[SUPPLIED DATA Boundary: Start]

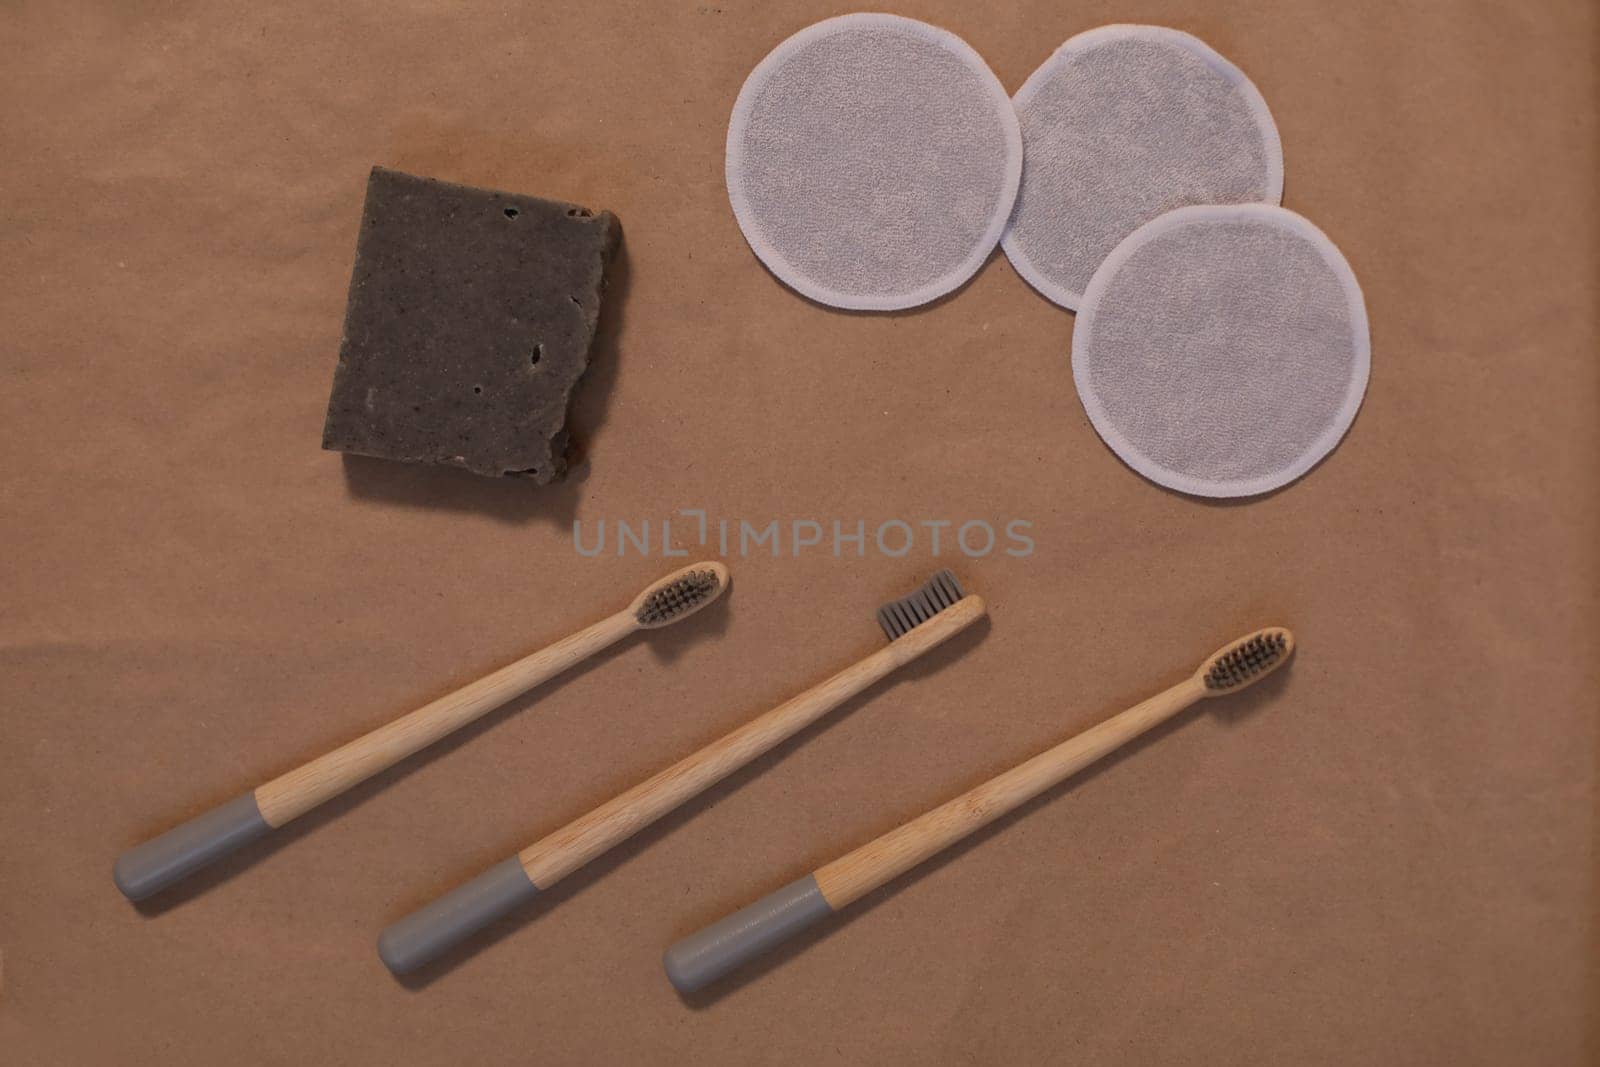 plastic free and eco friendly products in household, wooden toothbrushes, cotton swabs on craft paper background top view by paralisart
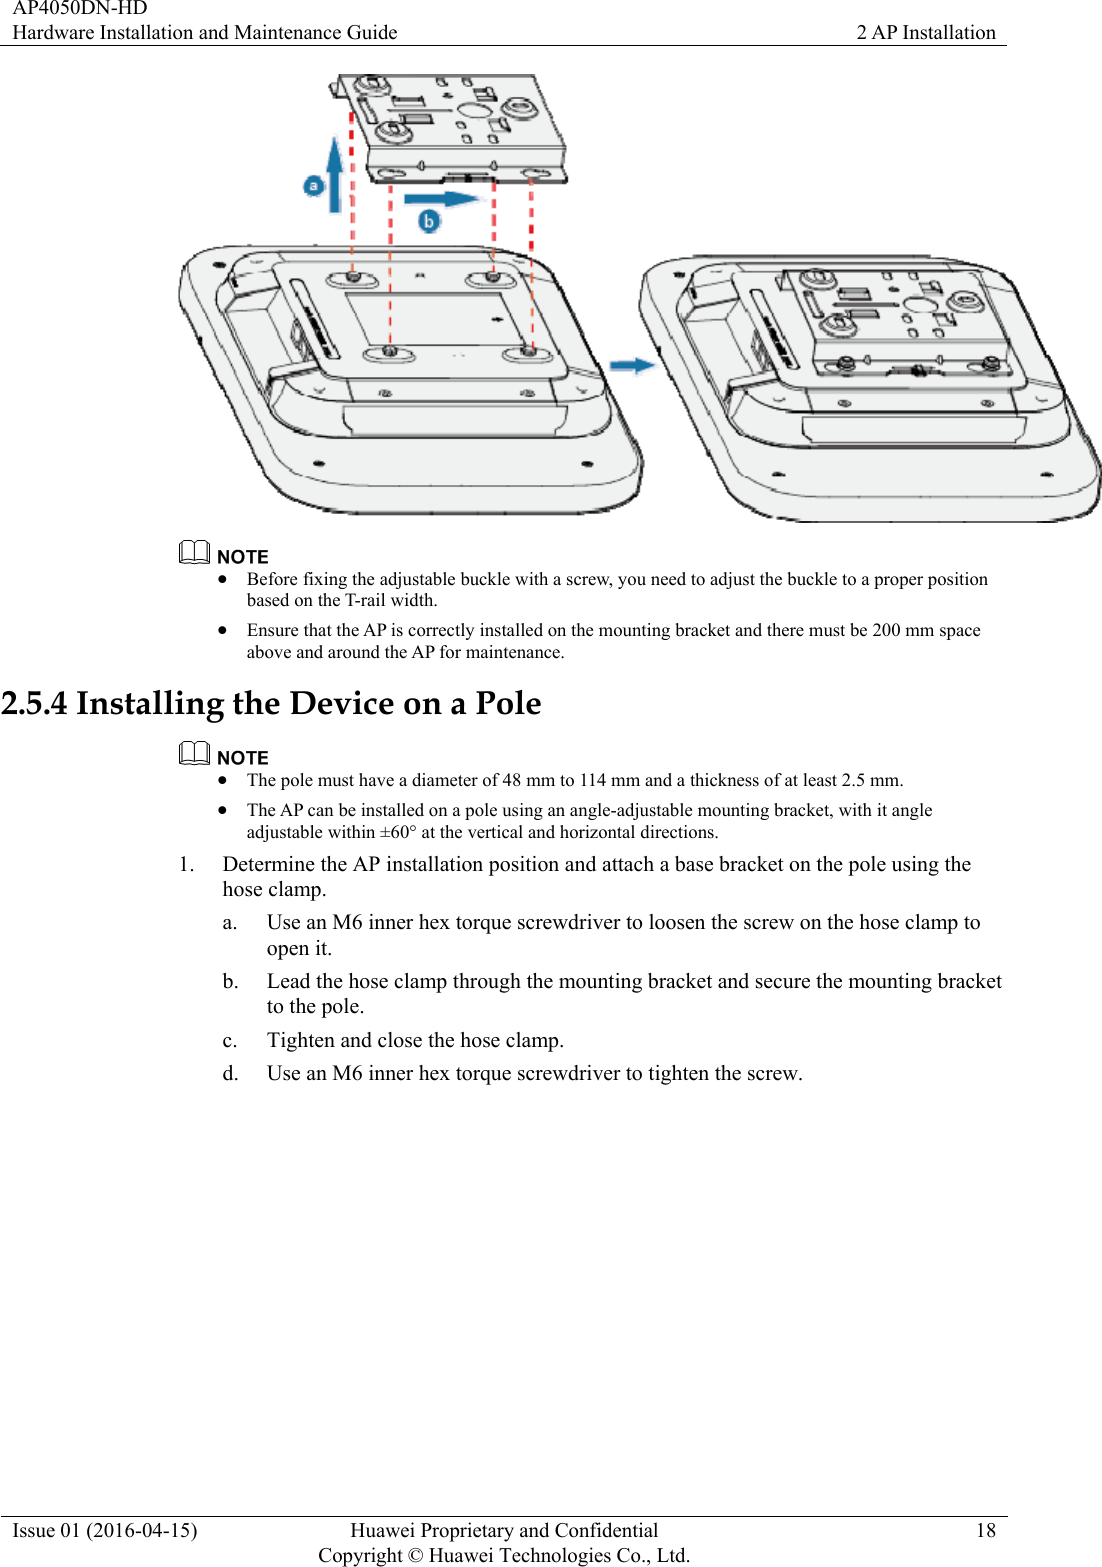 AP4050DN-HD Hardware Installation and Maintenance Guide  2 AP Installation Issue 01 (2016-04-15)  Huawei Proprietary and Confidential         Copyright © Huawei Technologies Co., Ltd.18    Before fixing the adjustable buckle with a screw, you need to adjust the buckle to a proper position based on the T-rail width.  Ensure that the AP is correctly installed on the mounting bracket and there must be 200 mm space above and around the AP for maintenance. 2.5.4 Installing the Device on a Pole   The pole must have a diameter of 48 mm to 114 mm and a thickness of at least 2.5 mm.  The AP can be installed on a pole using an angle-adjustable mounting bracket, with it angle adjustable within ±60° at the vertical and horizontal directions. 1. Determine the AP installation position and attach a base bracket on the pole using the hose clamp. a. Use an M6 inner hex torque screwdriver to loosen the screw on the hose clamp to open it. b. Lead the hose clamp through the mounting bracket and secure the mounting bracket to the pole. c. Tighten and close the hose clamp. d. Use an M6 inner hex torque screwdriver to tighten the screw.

[SUPPLIED DATA Boundary: End]
[SUPPLIED DATA Boundary: Start]

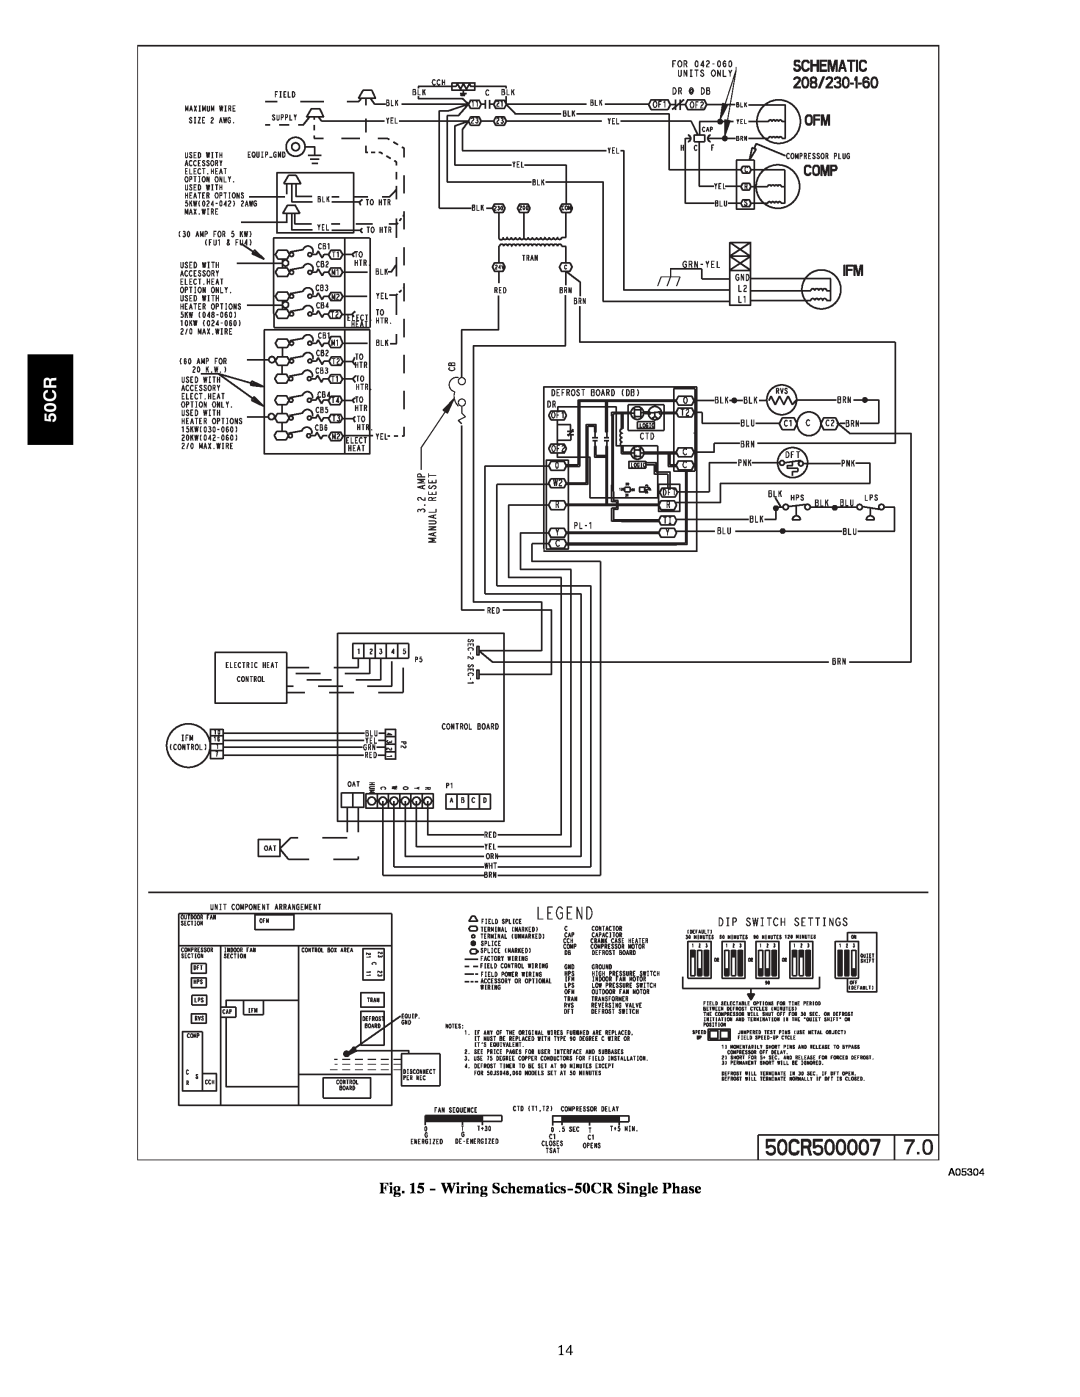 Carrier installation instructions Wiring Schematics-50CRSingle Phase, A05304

[SUPPLIED DATA Boundary: End]

**PROBLEM DESCRIPTION:**
In the data above, retype only the stretch from the line with "plastic free and" through the line with "AP4050DN-HD Hardware Installation", word for word, and skip any pictures.

**PROBLEM SOLUTION:**
 plastic free and eco friendly products in household, wooden toothbrushes, cotton swabs on craft paper background top view by paralisart
 AP4050DN-HD Hardware Installation and Maintenance Guide  2 AP Installation Issue 01 (2016-04-15)  Huawei Proprietary and Confidential         Copyright © Huawei Technologies Co., Ltd.18    Before fixing the adjustable buckle with a screw, you need to adjust the buckle to a proper position based on the T-rail width.  Ensure that the AP is correctly installed on the mounting bracket and there must be 200 mm space above and around the AP for maintenance. 2.5.4 Installing the Device on a Pole   The pole must have a diameter of 48 mm to 114 mm and a thickness of at least 2.5 mm.  The AP can be installed on a pole using an angle-adjustable mounting bracket, with it angle adjustable within ±60° at the vertical and horizontal directions. 1. Determine the AP installation position and attach a base bracket on the pole using the hose clamp. a. Use an M6 inner hex torque screwdriver to loosen the screw on the hose clamp to open it. b. Lead the hose clamp through the mounting bracket and secure the mounting bracket to the pole. c. Tighten and close the hose clamp. d. Use an M6 inner hex torque screwdriver to tighten the screw.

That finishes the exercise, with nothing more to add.